━━ Dataset extract
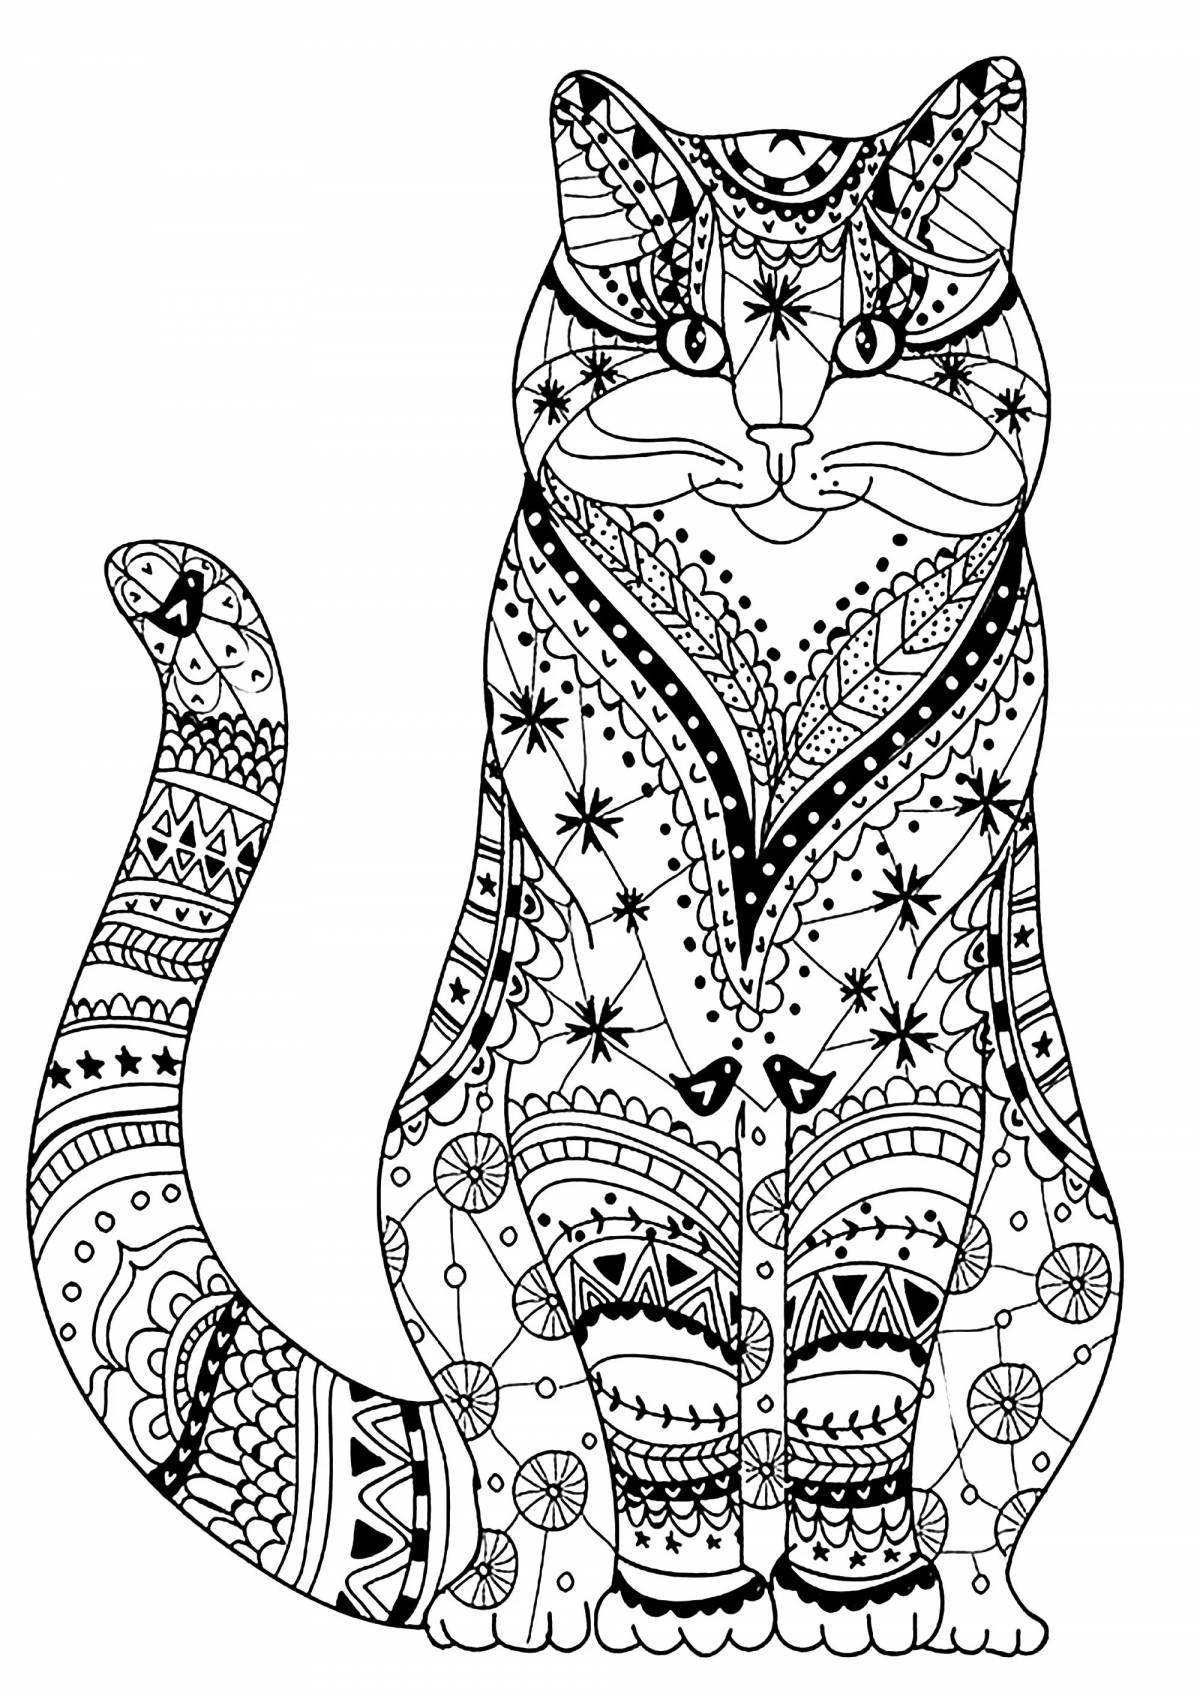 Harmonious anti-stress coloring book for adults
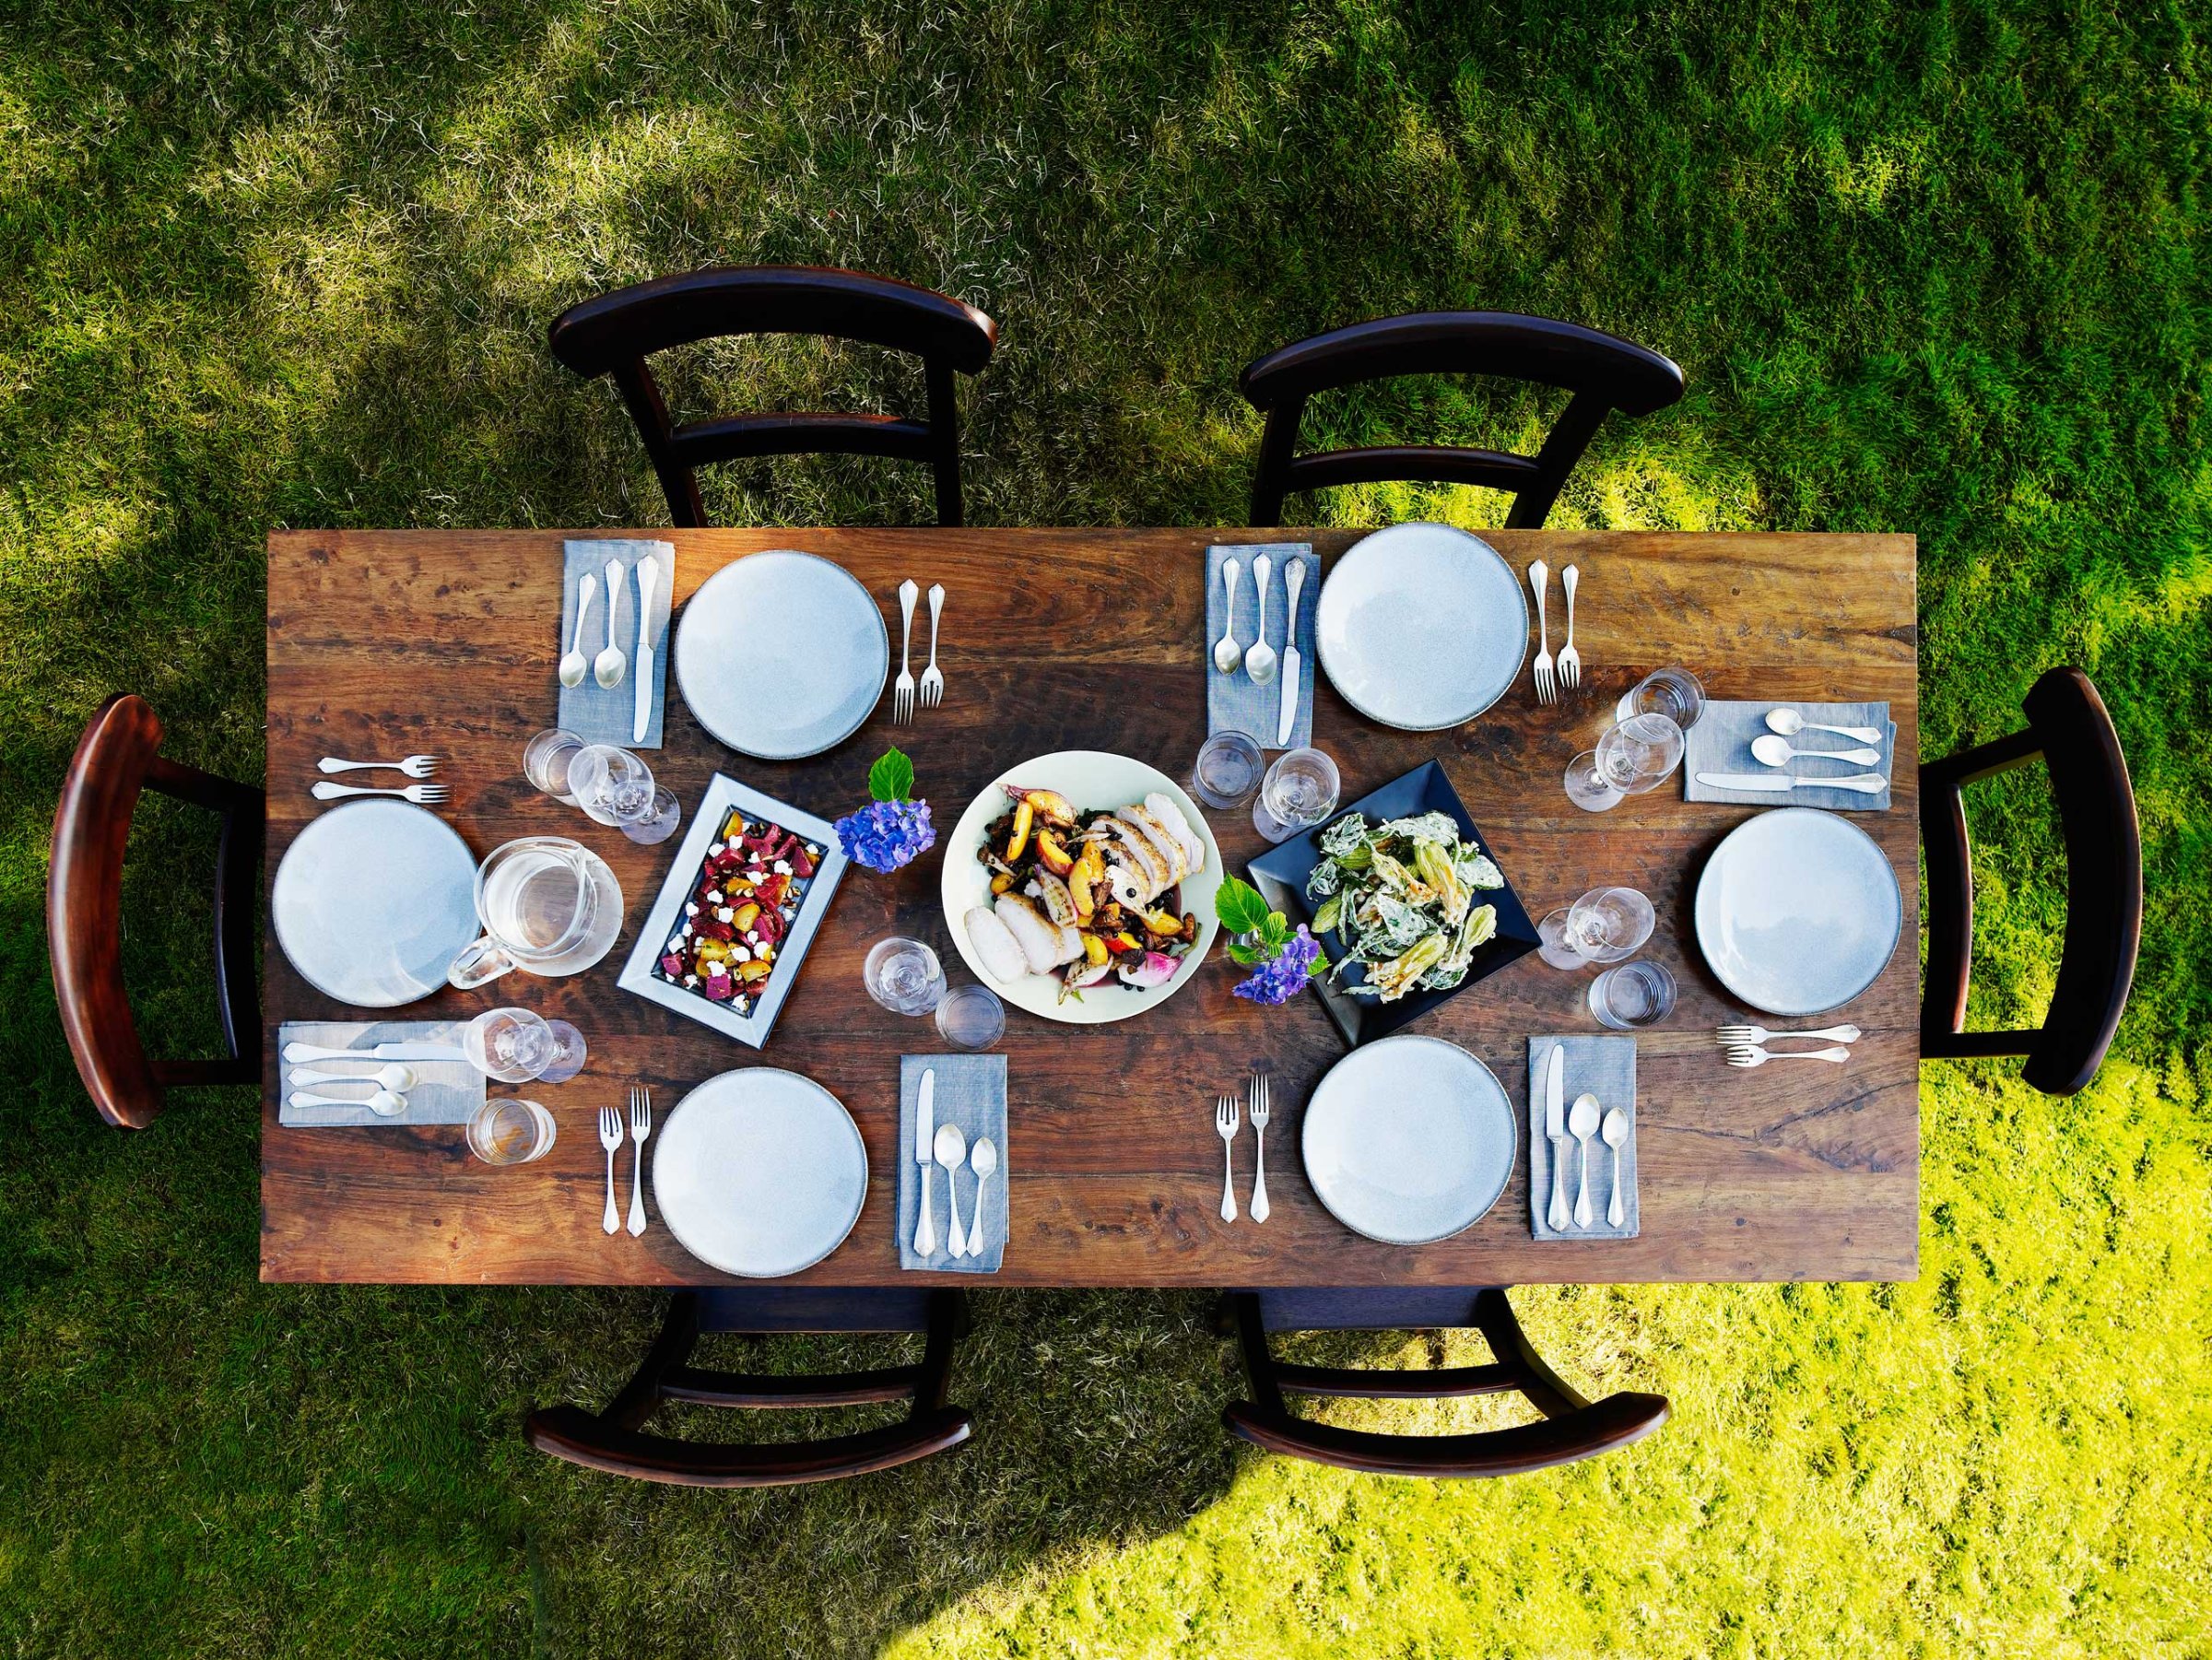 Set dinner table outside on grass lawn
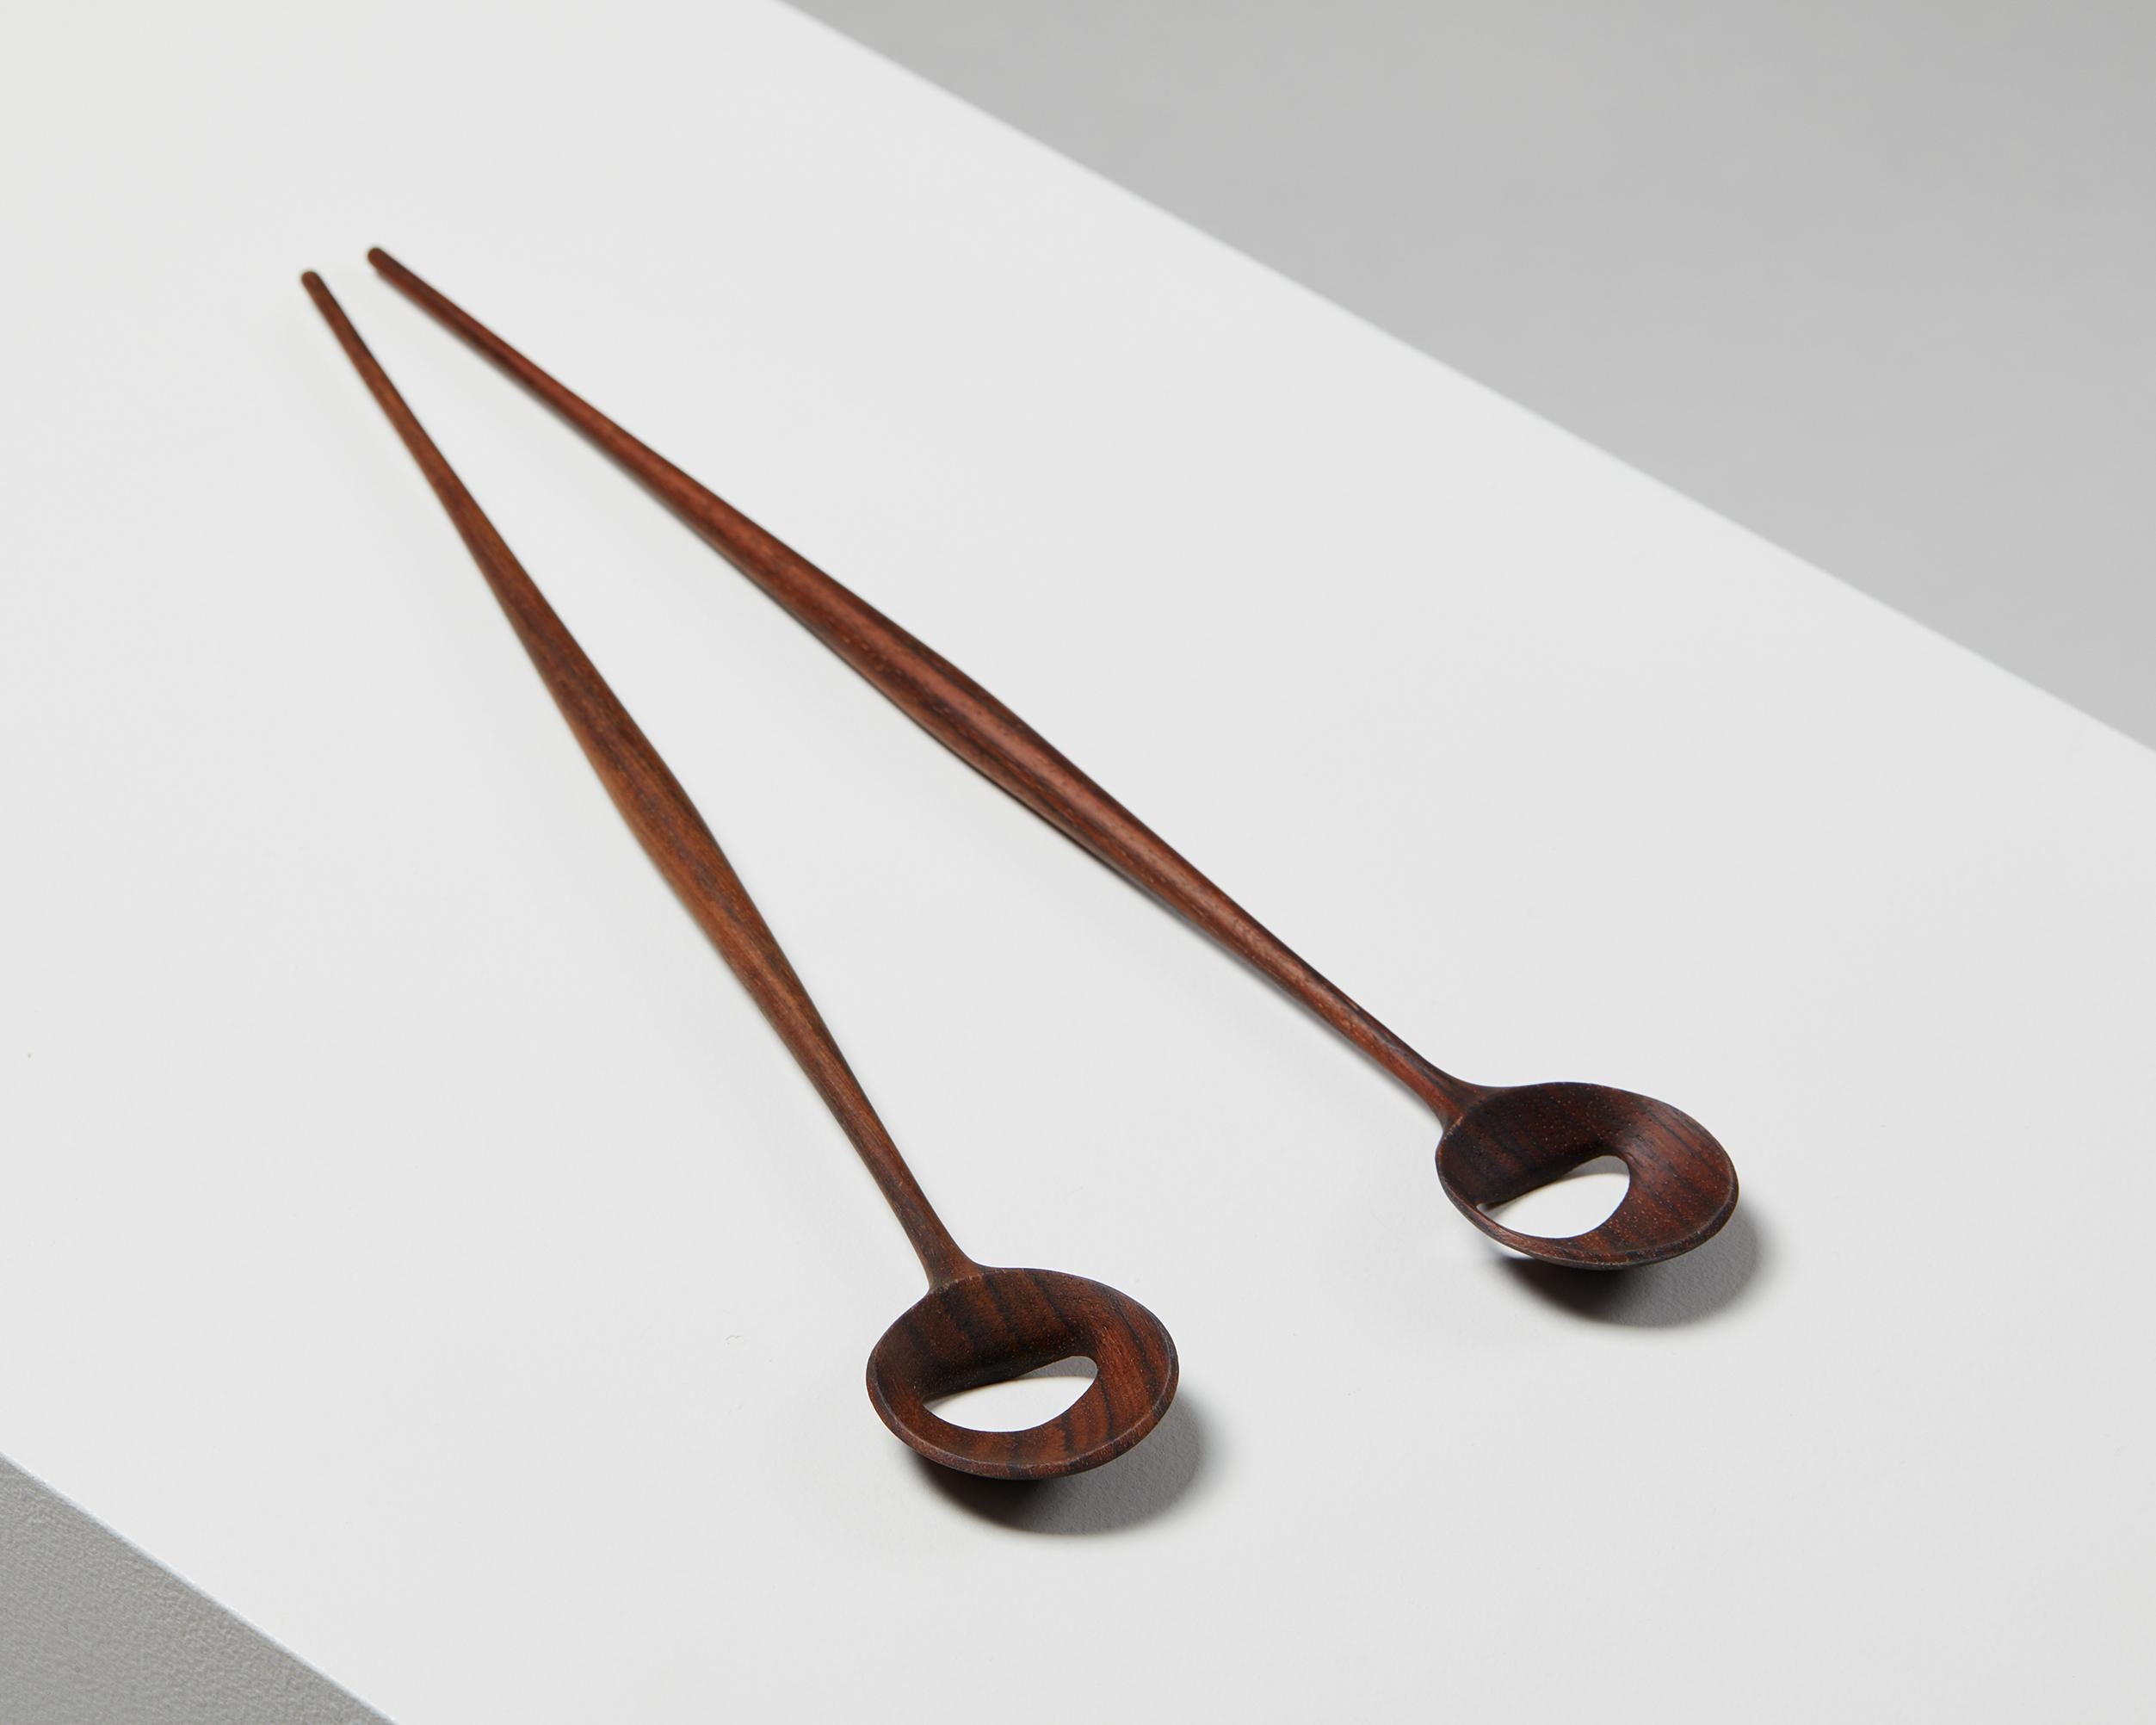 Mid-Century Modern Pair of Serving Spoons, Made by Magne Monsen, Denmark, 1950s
━━━━
— Problem requirements —
When you write out the material, reproduce each line exactly and omit any picture it holds.

— Task output —
 Harmonious anti-stress coloring book for adults
 Set dinner table outside on grass lawn
 Mid-Century Modern Pair of Serving Spoons, Made by Magne Monsen, Denmark, 1950s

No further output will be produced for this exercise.